İslam Ahlak Esasları ve Felsefesi
Ruh ve maddeden teşekkül eden insan, erdem ve erdemsizliklerin de fâili durumundadır. Bir başka ifadeyle erdem ve haz arasında varlığını gerçekleştiren insan için ahlâkî prensipleri hayat rehberi haline getirmek bir varoluş sorunudur.
Felsefenin/hikmetin pratik yönünün önemli bir parçası ahlâktır. Ahlâk felsefesi tek bir bakışın hâkim olmadığı bir gerçeklik alanıdır. Farklı bakış açıları ahlâk felsefenin zenginliği olarak değerlendirilmelidir. Bununla birlikte ahlâk felsefesi içinde; İslâm ahlâk felsefesi, din ve vahiy eksenli bir düşünceyi de beraberinde getirmektedir.
Kutsal ve değerin en yüksek amacı olan mutluluk, erdemlerle süslenmiş bir hayat felsefesini uygulamakla kazanılır. Hüzün ve mutsuzluğun olmadığı bir hayat, insanların yaşama sevinç ve isteklerini arttırarak kaliteli bir ömrü sunmaktadır. Bu ömür içinde üzüntü, hüzün, çile ve ıstırabın olmaması, erdemlerin her zaman ve mekânda yaşanmasıyla mümkündür.

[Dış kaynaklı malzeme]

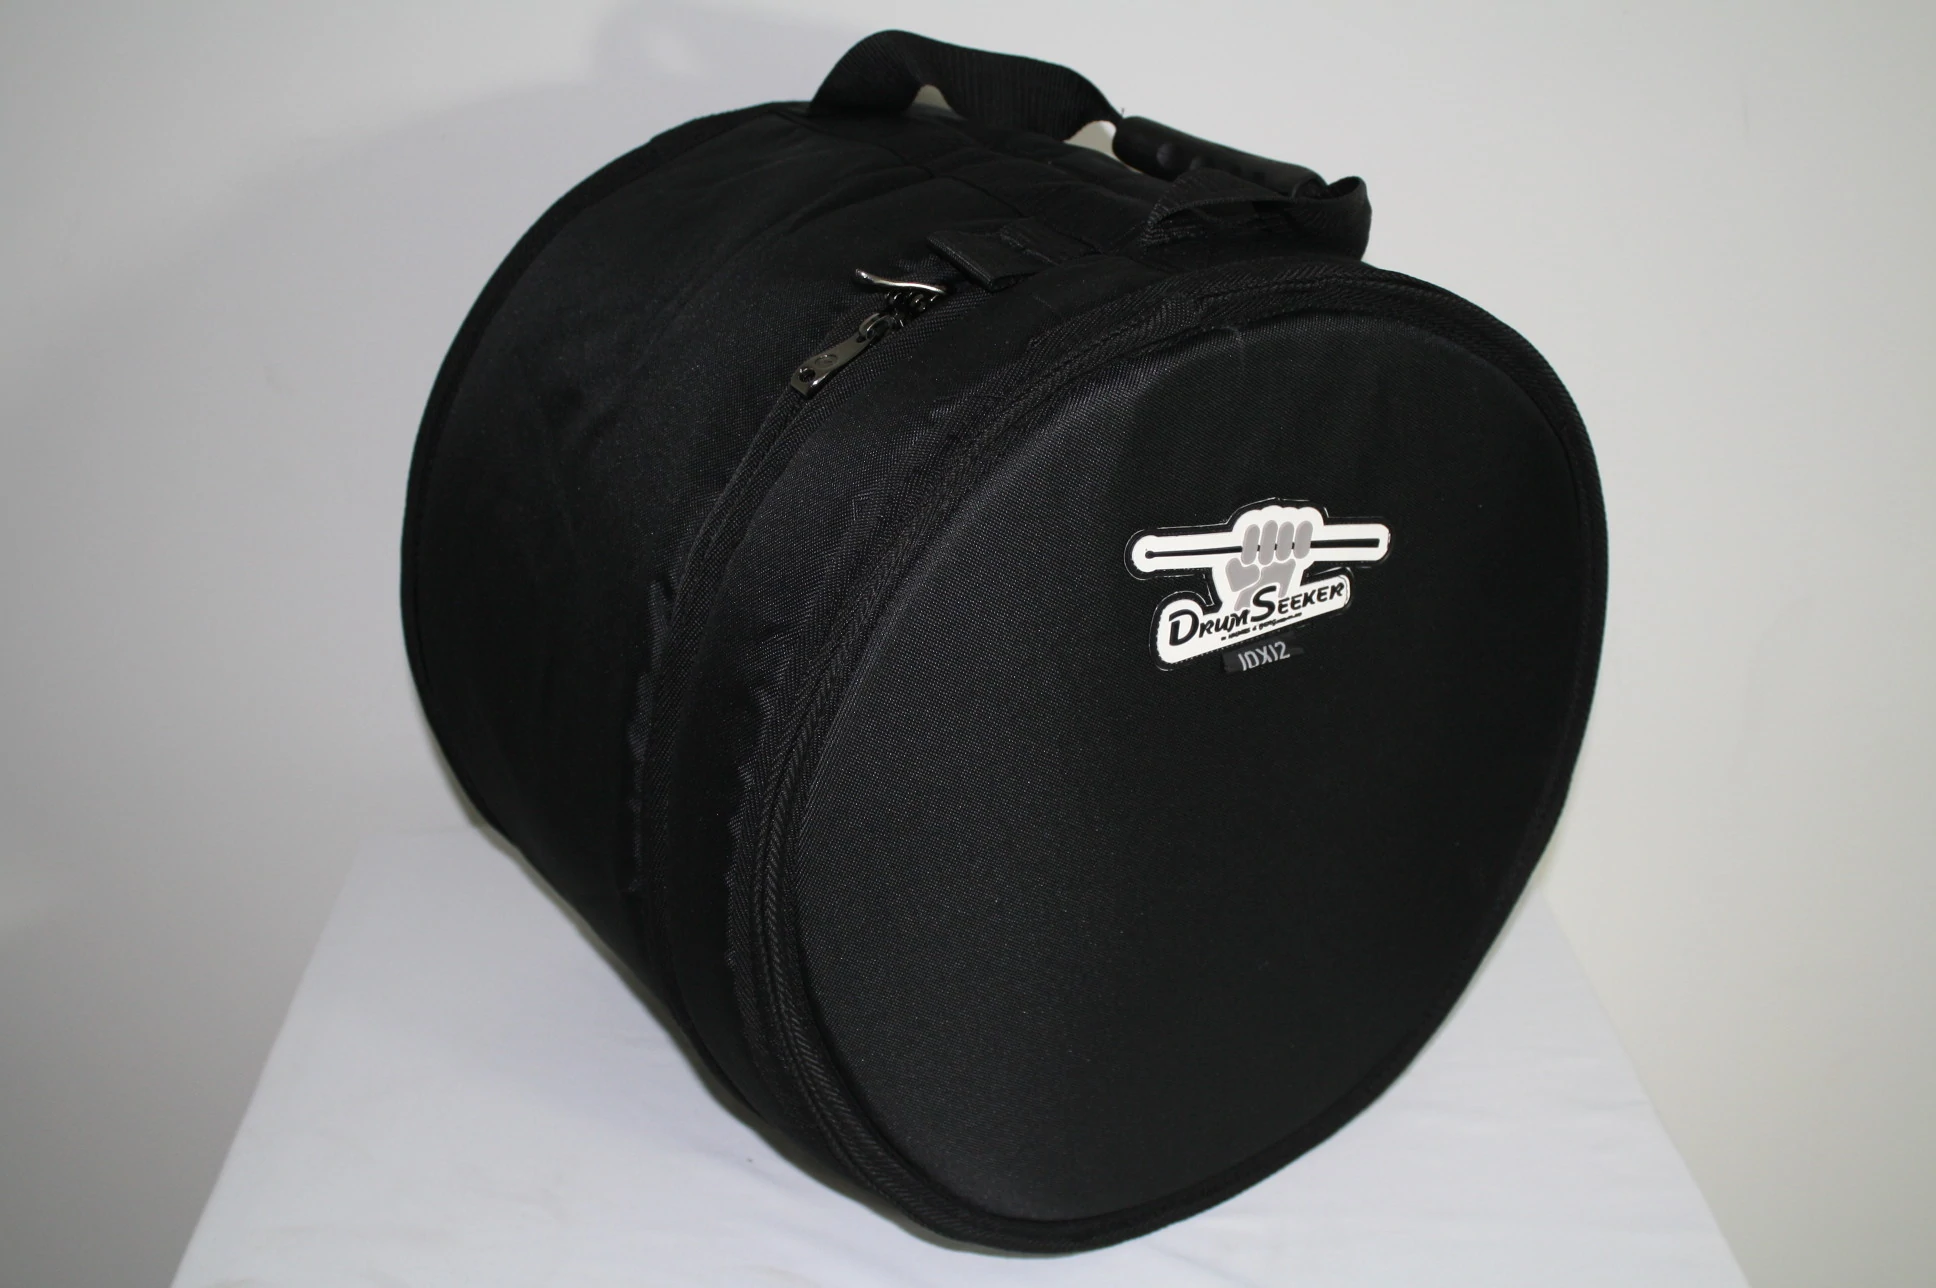 H&B Drum Seeker 10 x 12 Inches Tom Drum Bag

İslâm Ahlâk Esasları ve Felsefesi kitabı bu konular üzerinden bir ahlâk öğretisini hatırlatmayı öne çıkarırken bunun bir ütopya olmadığını da göstermeye gayret etmektedir. Bunu yaparken, İslâm ahlâk esasları ve felsefesinin öncelikle teorik/nazarî kısmını, akabinde ise pratik/uygulanabilir sahasını irdelemeye ve yansıtmaya çalışmaktadır.